Masaha, écouter les activistes du monde arabe (en arabe)
Produit par le réseau de podcasts indépendant Sowt, en partenariat avec la fondation allemande Friedrich-Ebert-Stiftung, Masaha (espace) en est déjà à sa quatrième saison. Pendant une trentaine de minutes, des militantes arabes de nationalités différentes livrent leurs points de vue et réflexions sur une question économique ou sociale à travers un prisme féministe : « Qu'est-ce que la justice sociale ? », « Comment les femmes font face aux défis du marché du travail ? ». Pas de discussion plateau sous forme de faux direct, mais une journaliste qui tire un fil rouge et qui par un habile travail de montage donne à entendre les arguments de ses invités. En complément de Eib (honte), autre podcast de la plateforme qui explore les normes sociétales et les rôles de genre à travers des histoires intimes, Masaha propose un espace de discussion plus intellectuel. De nombreux épisodes sont consacrés aux différents mouvements féministes dans la saison 2 : « Le féminisme après la colonisation », « Le féminisme intersectionnel » « L'écoféminisme ». La saison en cours s'intéresse aux femmes dans les zones de guerre, au Soudan, au Sahara occidental et à Gaza.

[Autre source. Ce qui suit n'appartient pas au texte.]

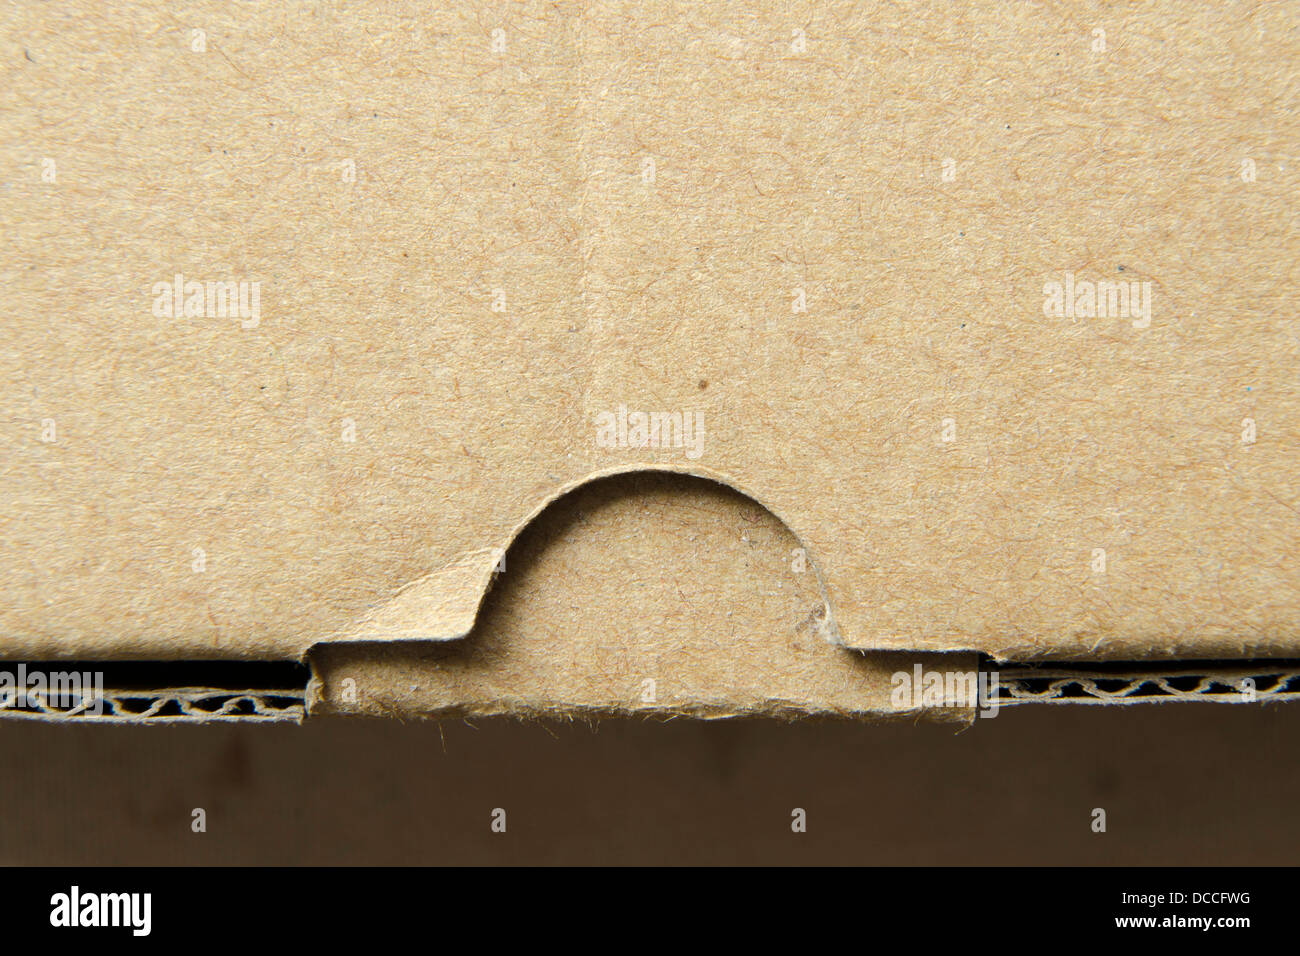 fragment of closed cardboard box with focus on lock Stock Photo

Depuis son lancement en 2019, Masaha a été écouté par environ un demi-million de personnes et presque la moitié des auditeur.ice.s se trouvent en Arabie Saoudite, pays toujours en tête des écoutes de Sowt. « C'est un bon chiffre, surtout en prenant en compte le type de contenus, estime Rana Daoud, productrice à Sowt. Masaha n'est pas un podcast léger, il nécessite un peu plus d'attention et de concentration ». L’Égypte et les Émirats arabes unis, comprennent également une bonne partie de l'audimat, majoritairement féminin. « Nous supposons que nos auditeurs ont déjà des connaissances sur les sujets que nous abordons, ils ne viennent pas les découvrir. D'après les retours que nous avons, nombre d'entre eux sont des activistes, des journalistes ou des chercheurs », indique Rana Daoud. Elle sait par ailleurs que certains épisodes sont utilisés par des professeurs dans le cadre de cours à l'université.
L'ensemble des épisodes sont à retrouver ici.
Le podcast, un espace d'expression libre et sécurisé
Pour celles qui œuvrent à la réalisation de l'ensemble de ces podcasts, ce média dispose d'une multitude d'atouts. « C'est un moyen efficace de se réunir autour d’expériences communes. Il y a assez d'espace pour échanger en profondeur, sans avoir beaucoup de restrictions. Les mots ne sont pas comptés, comme à l'écrit. Les auditeurs sont attentifs, nous leur parlons directement », observe Rana Daoud de Sowt. Sa consœur Basant Samhout, productrice sur la dernière saison de Masaha abonde : « Ce format nous donne la liberté de parler de sujets que nous n'aborderions pas de la même façon sur d'autres supports y compris les réseaux sociaux. J'ai l'impression qu'il y a moins de censure, car ils sont vraiment diffusés partout. »
Par rapport à la vidéo, l'ex-collaboratrice à Inkyfada, Noujoud Rejbi voit dans le son une force singulière, notamment pour des sujets qui nécessitent de recueillir des témoignages délicats comme cela a été le cas dans Femmes en sursis, de l'emprise au féminicide. « Parler devant une caméra est, je trouve, plus intimidant, plus intrusif alors qu'avec le podcast les personnes interviewées ont tendance à être beaucoup plus à l'aise. Le son arrive à communiquer des émotions fortes. Personnellement, un podcast peut me toucher beaucoup plus qu'un documentaire vidéo », défend la journaliste.
Tous ces arguments montrent que le podcast est un outil précieux pour faire entendre la voix des femmes et faire résonner leurs combats.